Lebanese security forces stormed a unit of the country’s largest prison on Monday where Islamist militants are detained, security sources said, as authorities searched for those responsible for a double suicide attack at the weekend.
Inmates torched mattresses to protest the move, the sources said, but there were no injuries. The sources said the police were searching for “forbidden items” at Building B in Roumieh prison, where Islamist militants are held.
Roumieh was originally built to hold about 1,500 inmates, but is now crammed with about 3,700.
The prisoners are able to communicate outside with mobile phones and security sources have said some are still involved in attacks against the state.
Television footage showed police entering and searching prisoners’ rooms and smoke rising from the prison.
A double suicide attack on Saturday killed eight people at a cafe in the Lebanese city of Tripoli. It was claimed by the al Qaeda-linked Nusra Front, members of which live in Roumieh prison, where Islamist militants are held.
Protest against the raid
Families and supporters of the Islamist detainees protested in Lebanon’s north and south Monday against a security raid on Roumieh Prison earlier in the day.

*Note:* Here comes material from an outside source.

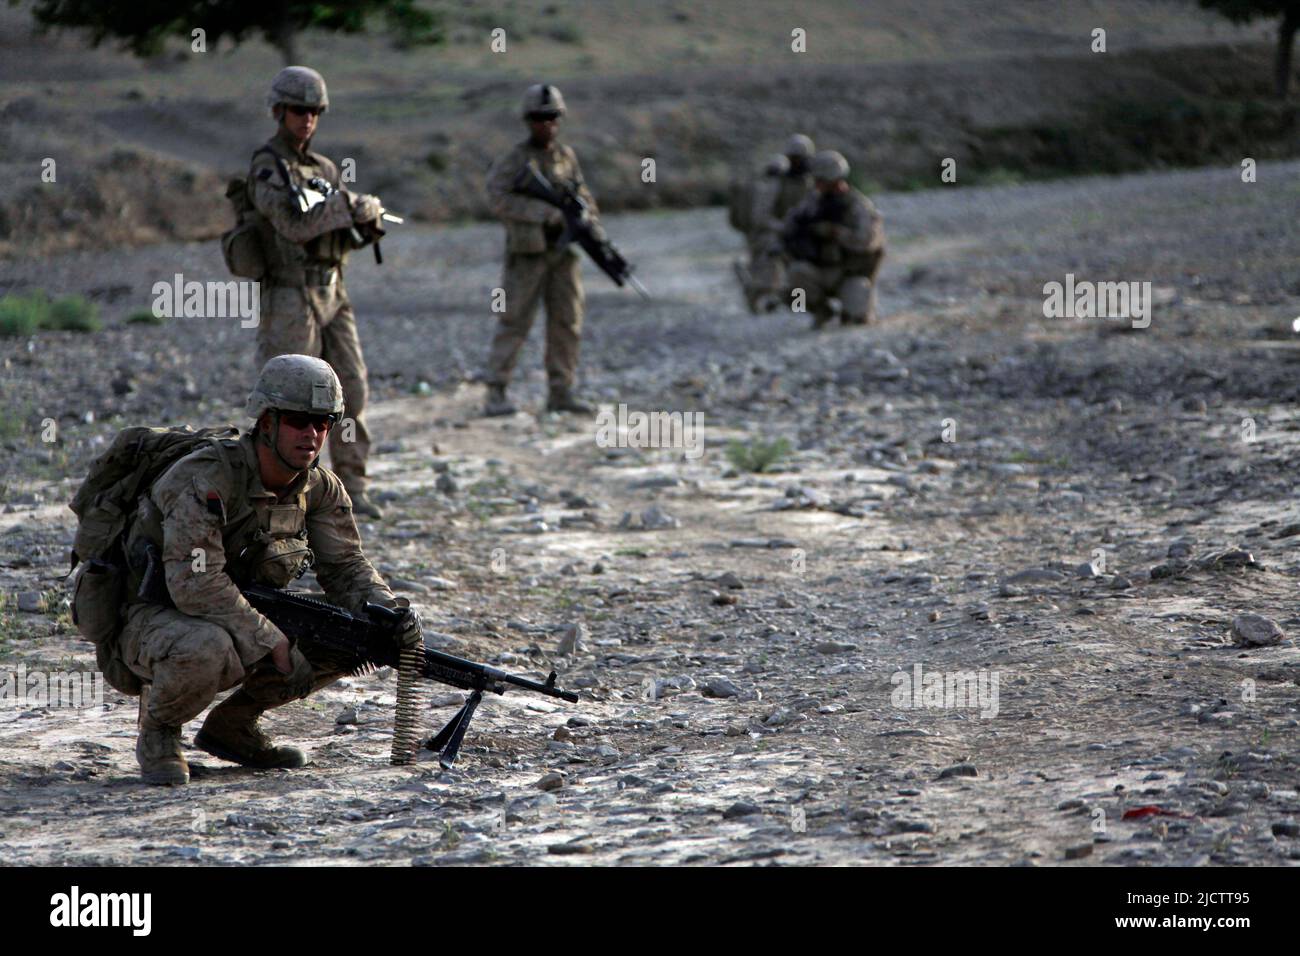 U.S. Marines with 1st Battalion, 8th Marine Regiment (1/8), Regimental Combat Team 6, halt during a security patrol in the Fulads, Helmand province, A Stock Photo

“Our sons are being killed in Roumieh Prison, where are you, O Muslims?!” read a banner held by one of the protesters in Abdel-Hamid Karami Square in Tripoli, north Lebanon.
In the southern city of Sidon, masked gunmen cut off roads leading to two neighborhoods inside the Palestinian refugee camp of Ain al-Hilweh.
The Islamist gunmen, who are led by Palestinian commander Haitham al-Shaabi, fanned out across the streets, blocking access to al-Tawarek and Taamir neighborhoods, after they had received information that a Palestinian prisoner who hails from Ain al-Hilweh had been wounded in the raid in Roumieh, the sources said.
However, the ISF said in a statement that no prisoners were wounded during the operation.
Lebanese Army troops posted at the entrances of the sprawling camp, the largest of Lebanon’s 12 Palestinian refugee camps, stepped up security measures in anticipation of possible escalation, thoroughly checking cars and the identity of motorists entering and leaving the settlement.
In parallel, members of Al-Fouhoud (Arabic for panthers), an elite police force, were deployed near the Justice Palace in Sidon.
The sources said similar precautionary security measures were taken around the serail in the town of Jezzine in south Lebanon, which houses a prison where a large number of followers of fugitive Salafi preacher Ahmad al-Assir, are detained.
The morning crackdown in Roumieh came in the aftermath of information that some of the prisoners were connected to the weekend’s twin suicide attacks that targeted a cafe in Tripoli’s majority Alawite neighborhood of Jabal Mohsen, killing 9 and wounding more than 30.
Nusra Front threatens
The Islamist inmates at the Roumieh prison were arrested in 2007 on charges of fighting or aiding the Fatah al-Islam fighters in the Palestinian Refugee camp of Nahr al-Bared that lies near the northern coastal city of Tripoli.
The al-Qaida-linked al-Nusra Front said via its account on Twitter on Monday “due to the deterioration of the security situation in Lebanon you will hear of surprises concerning the fate of the prisoners of war who are in our captivity.” A possible reference to the 25 Lebanese servicemen being held by Al Nusra and ISIS.
The group pointed out that “the government’s inconsiderate act is provocative,” wondering if it “aims at compelling us to begin executing the servicemen.”
It addressed the families of abducted soldiers and policemen, asking if the group “is being demanded to execute their sons.”
“Don’t blame us if we change our manner with the servicemen.”